Second-Order Occlusion-Aware Volumetric Radiance Caching

TL;DR

This paper introduces a second-order gradient-based radiance caching method for volumetric light transport that adaptively samples and interpolates radiance, accounting for occlusion changes, with improved accuracy and efficiency.

Contribution

It develops a second-order Hessian-based error metric for adaptive sampling in volumetric radiance caching, enhancing accuracy and reducing computation time.

Findings

Outperforms previous radiance caching algorithms in accuracy.

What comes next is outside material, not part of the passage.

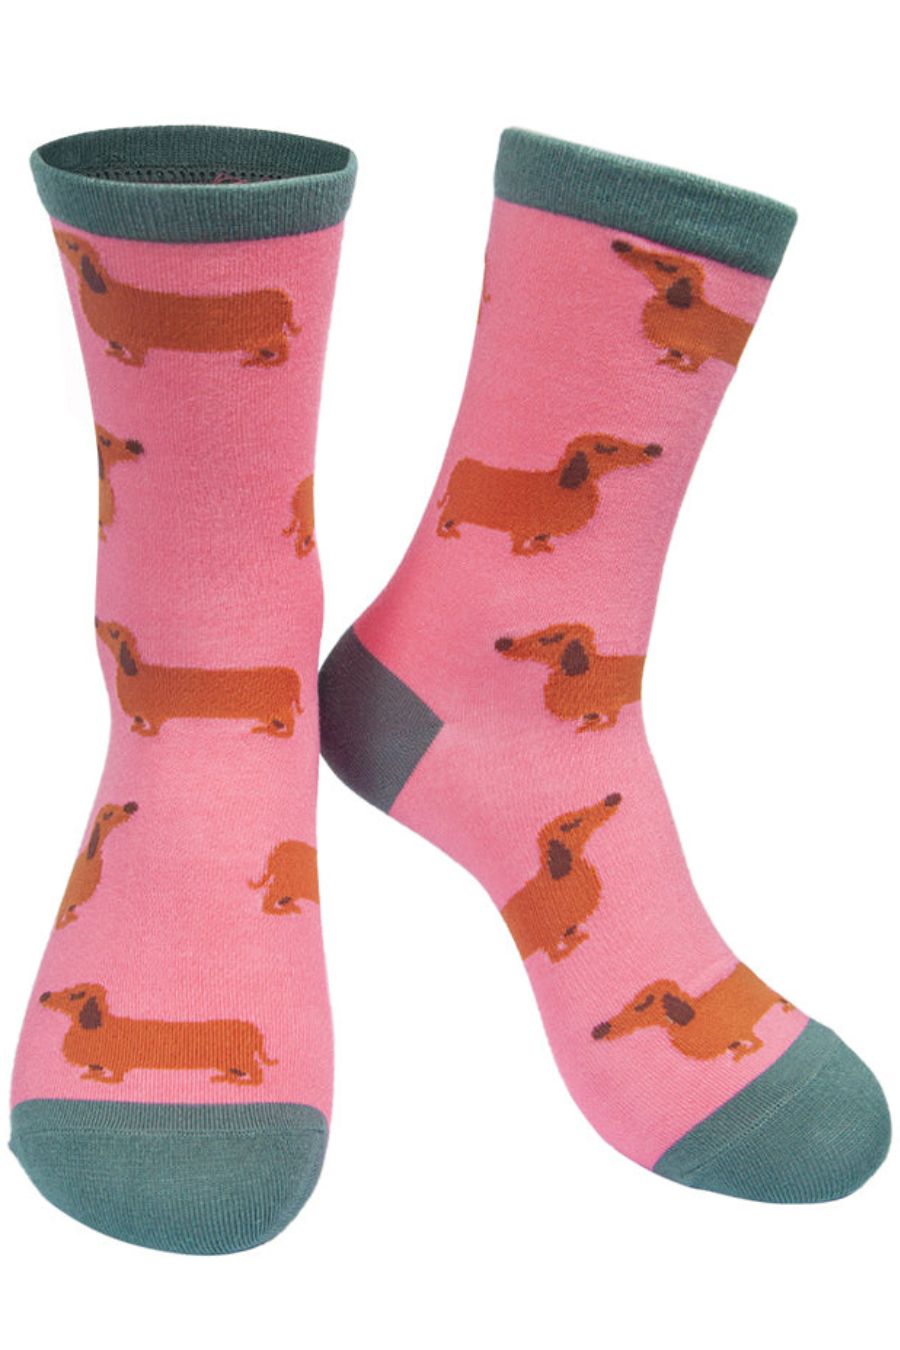 pink and green ankle socks with an all over dachshund print

Reduces computation time by up to 30%.

Provides a validated 2D model for light transport analysis.

Abstract

We present a second-order gradient analysis of light transport in participating media and use this to develop an improved radiance caching algorithm for volumetric light transport. We adaptively sample and interpolate radiance from sparse points in the medium using a second-order Hessian-based error metric to determine when interpolation is appropriate. We derive our metric from each point's incoming light field, computed by using a proxy triangulation-based representation of the radiance reflected by the surrounding medium and geometry. We use this representation to efficiently compute the first- and second-order derivatives of the radiance at the cache points while accounting for occlusion changes. We also propose a self-contained two-dimensional model for light transport in media and use it to validate and analyze our approach, demonstrating that our method outperforms previous radiance caching algorithms both in terms of accurate derivative estimates and final radiance extrapolation. We generalize these findings to practical three-dimensional scenarios, where we show improved results while reducing computation time by up to 30\% compared to previous work.